Running Sobol Sensitivity Analysis using MOEAFramework

Note: this post describes a version of Sobol analysis included in MOEAFramework (http://moeaframework.org), written in Java. If you prefer, there is a new Python library available called SALib (http://jdherman.github.io/SALib/), which contains open-source implementations of Sobol, Morris, and FAST sensitivity methods.

This post was originally written by Jon Herman.  A small number of edits were later added by Joseph Kasprzyk.
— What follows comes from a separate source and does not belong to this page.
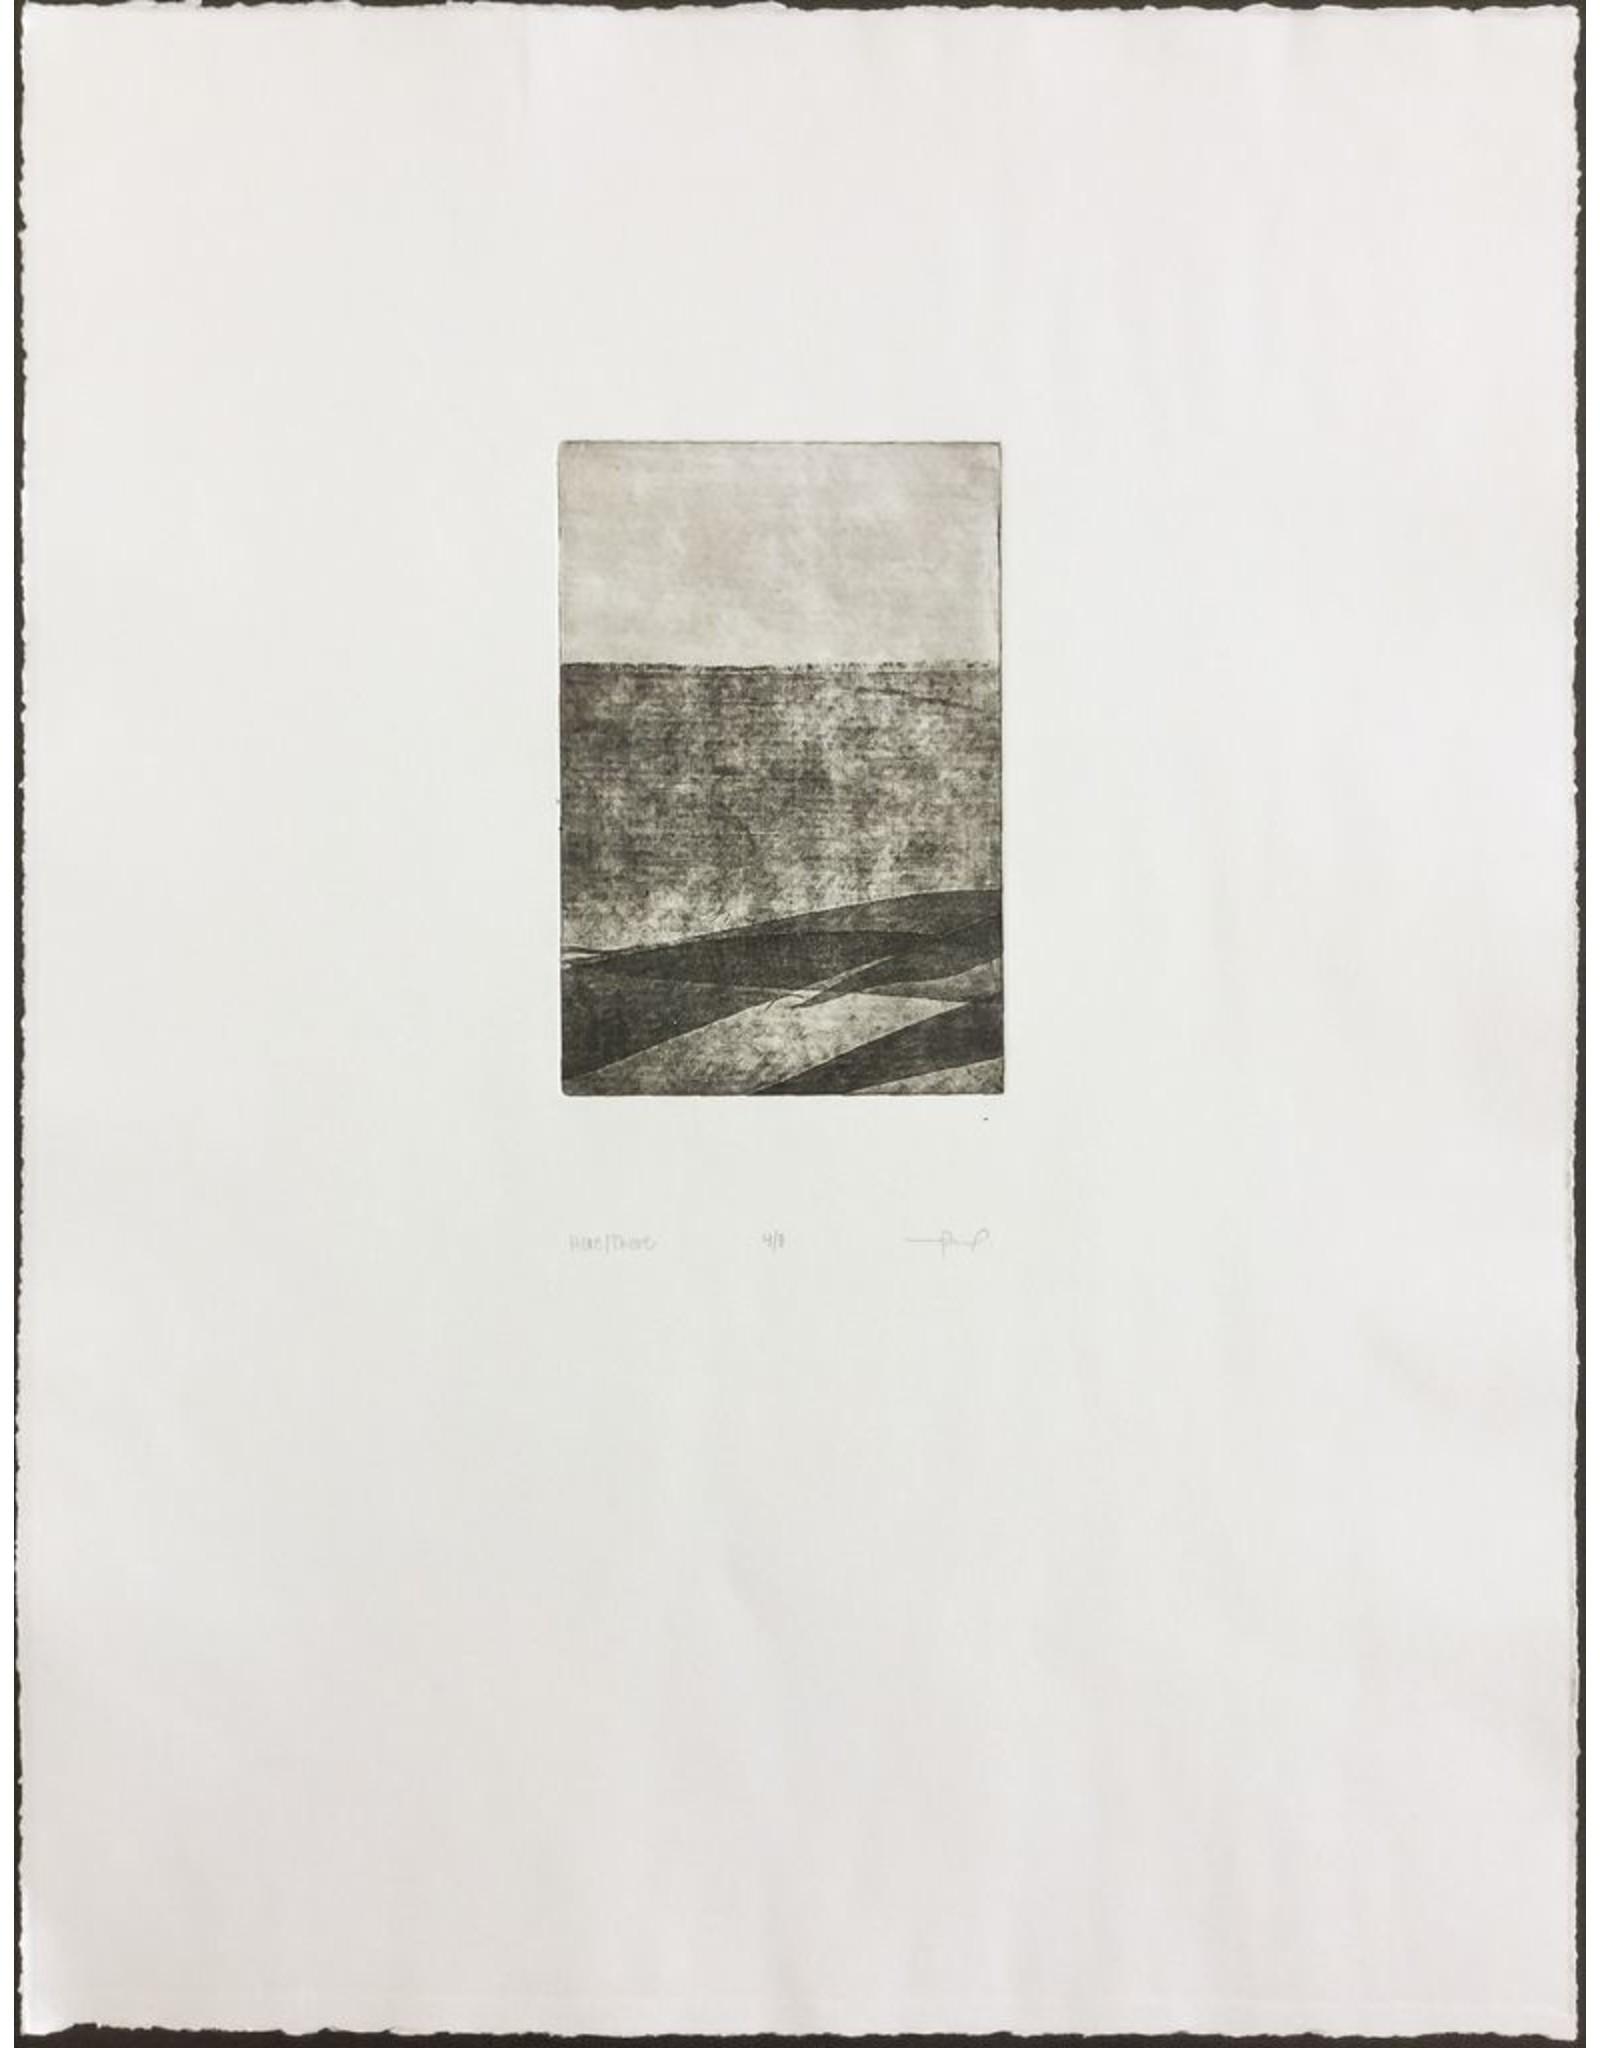 Carella Arfinengo, Francesca Here/There V

Sobol sensitivity analysis is used to attribute the variance in a model’s output to its parameters and their interactions. In a previous post, I explained how to run Sobol sensitivity analysis using our C/C++ code. We have decided as a group to move away from this implementation due to maintainability concerns. Instead, we will use the Sobol implementation included in the MOEAFramework. MOEAFramework is a multi-objective optimization library written in Java, but it also contains Sobol sensitivity analysis as an added feature. All you need is a single *.jar file, which can be downloaded here (we want the “all-in-one executable” download, since we will mostly be treating the program as a black box).  Because MOEAframework uses Java, it is platform independent, so the software will work on Mac, Linux, and PC!

Once you have the *.jar file, complete the following steps to calculate your sensitivity indices.

Step 1: Choose sampling bounds for your parameters

First, you will need to create a simple text file with the form [parameter] [lower bound] [upper bound]. For example, such a file for the Hymod model might look like this:

Cmax 0.0 1000.0
B 0.0 3.0
Alpha 0.0 1.0
Kq 0.15 1.0
Ks 0.0 0.15

The bounds are used to sample parameter values. The names of the parameters themselves are only used to print the final sensitivity indices (i.e., you can name them whatever you want). For this example, I will refer to this file as params.txt.  Use a plain-text editor for this task, such as Notepad (on Windows), TextMate (on Mac), or emacs (on Linux).  If you use a “rich text” editor like Word, the file will not be in the correct format!

Step 2: Generate parameter sets using the Sobol Sequence

Put your params.txt file in the same directory as your MOEAFramework *.jar file.

In your operating system, find the Terminal program and open it.  In Windows you can do this by typing ‘cmd’ in the Search menu of Windows 7/8.  In Linux and Mac the program is called Terminal.  Note that the commands to navigate around the Terminal are going to be basically the same in Mac and Linux, and we cover them here.  In Windows the commands are different, and here’s a good external summary.

Move to this directory (e.g. use the ‘cd’ command) and type the following command:

java -classpath MOEAFramework-2.0-Executable.jar org.moeaframework.analysis.sensitivity.SampleGenerator
-m saltelli -n 1000 -p params.txt > sobolParameterSets.txt

(This is only one command. It’s being wrapped to multiple lines.)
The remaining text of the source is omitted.